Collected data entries
%%

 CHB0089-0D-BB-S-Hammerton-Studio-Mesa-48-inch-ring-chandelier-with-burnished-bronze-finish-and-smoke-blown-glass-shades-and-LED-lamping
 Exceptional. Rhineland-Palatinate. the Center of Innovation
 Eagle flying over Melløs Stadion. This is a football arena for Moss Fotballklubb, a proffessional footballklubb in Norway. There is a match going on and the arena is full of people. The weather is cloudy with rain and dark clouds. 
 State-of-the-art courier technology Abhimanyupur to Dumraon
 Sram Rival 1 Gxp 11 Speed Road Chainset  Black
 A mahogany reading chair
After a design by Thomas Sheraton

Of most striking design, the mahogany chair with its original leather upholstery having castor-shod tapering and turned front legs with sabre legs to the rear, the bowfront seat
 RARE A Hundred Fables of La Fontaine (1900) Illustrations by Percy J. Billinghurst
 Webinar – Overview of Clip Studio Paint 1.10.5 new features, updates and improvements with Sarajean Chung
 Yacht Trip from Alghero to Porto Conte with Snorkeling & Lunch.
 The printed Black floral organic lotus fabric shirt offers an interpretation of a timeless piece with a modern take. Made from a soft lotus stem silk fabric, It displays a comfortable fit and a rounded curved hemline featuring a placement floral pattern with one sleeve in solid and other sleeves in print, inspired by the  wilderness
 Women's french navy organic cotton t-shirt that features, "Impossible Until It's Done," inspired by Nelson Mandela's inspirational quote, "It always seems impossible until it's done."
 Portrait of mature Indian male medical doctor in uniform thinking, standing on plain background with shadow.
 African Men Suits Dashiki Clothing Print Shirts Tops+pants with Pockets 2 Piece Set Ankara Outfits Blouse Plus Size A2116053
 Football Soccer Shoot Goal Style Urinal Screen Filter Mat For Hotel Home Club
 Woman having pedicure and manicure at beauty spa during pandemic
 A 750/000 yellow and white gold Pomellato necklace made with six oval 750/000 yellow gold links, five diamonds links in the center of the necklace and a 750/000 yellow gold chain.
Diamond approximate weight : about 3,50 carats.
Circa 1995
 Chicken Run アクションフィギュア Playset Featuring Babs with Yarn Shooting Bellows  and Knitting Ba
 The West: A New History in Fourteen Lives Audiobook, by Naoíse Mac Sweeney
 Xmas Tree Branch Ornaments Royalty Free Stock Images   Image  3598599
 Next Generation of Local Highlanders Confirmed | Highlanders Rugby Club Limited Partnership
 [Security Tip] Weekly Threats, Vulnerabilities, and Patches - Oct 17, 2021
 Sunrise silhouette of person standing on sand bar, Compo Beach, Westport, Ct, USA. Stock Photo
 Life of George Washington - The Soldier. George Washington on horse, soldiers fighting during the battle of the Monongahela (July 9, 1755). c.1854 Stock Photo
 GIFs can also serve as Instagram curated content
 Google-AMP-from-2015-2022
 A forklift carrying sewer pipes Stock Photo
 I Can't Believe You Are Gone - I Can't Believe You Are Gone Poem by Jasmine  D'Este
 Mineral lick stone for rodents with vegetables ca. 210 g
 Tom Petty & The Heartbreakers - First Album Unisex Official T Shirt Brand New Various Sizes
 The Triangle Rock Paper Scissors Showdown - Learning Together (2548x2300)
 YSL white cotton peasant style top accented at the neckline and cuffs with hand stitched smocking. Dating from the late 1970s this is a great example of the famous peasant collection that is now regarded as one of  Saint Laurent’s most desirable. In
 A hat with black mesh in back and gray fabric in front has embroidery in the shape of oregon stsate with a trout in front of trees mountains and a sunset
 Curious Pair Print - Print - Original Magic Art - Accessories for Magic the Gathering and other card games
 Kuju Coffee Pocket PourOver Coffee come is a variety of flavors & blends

%%

Your instructions -
Print exactly the lines that run from the line containing "Curious Pair Print" to the end of the data, both ends included.

Response to the exercise -
 Curious Pair Print - Print - Original Magic Art - Accessories for Magic the Gathering and other card games
 Kuju Coffee Pocket PourOver Coffee come is a variety of flavors & blends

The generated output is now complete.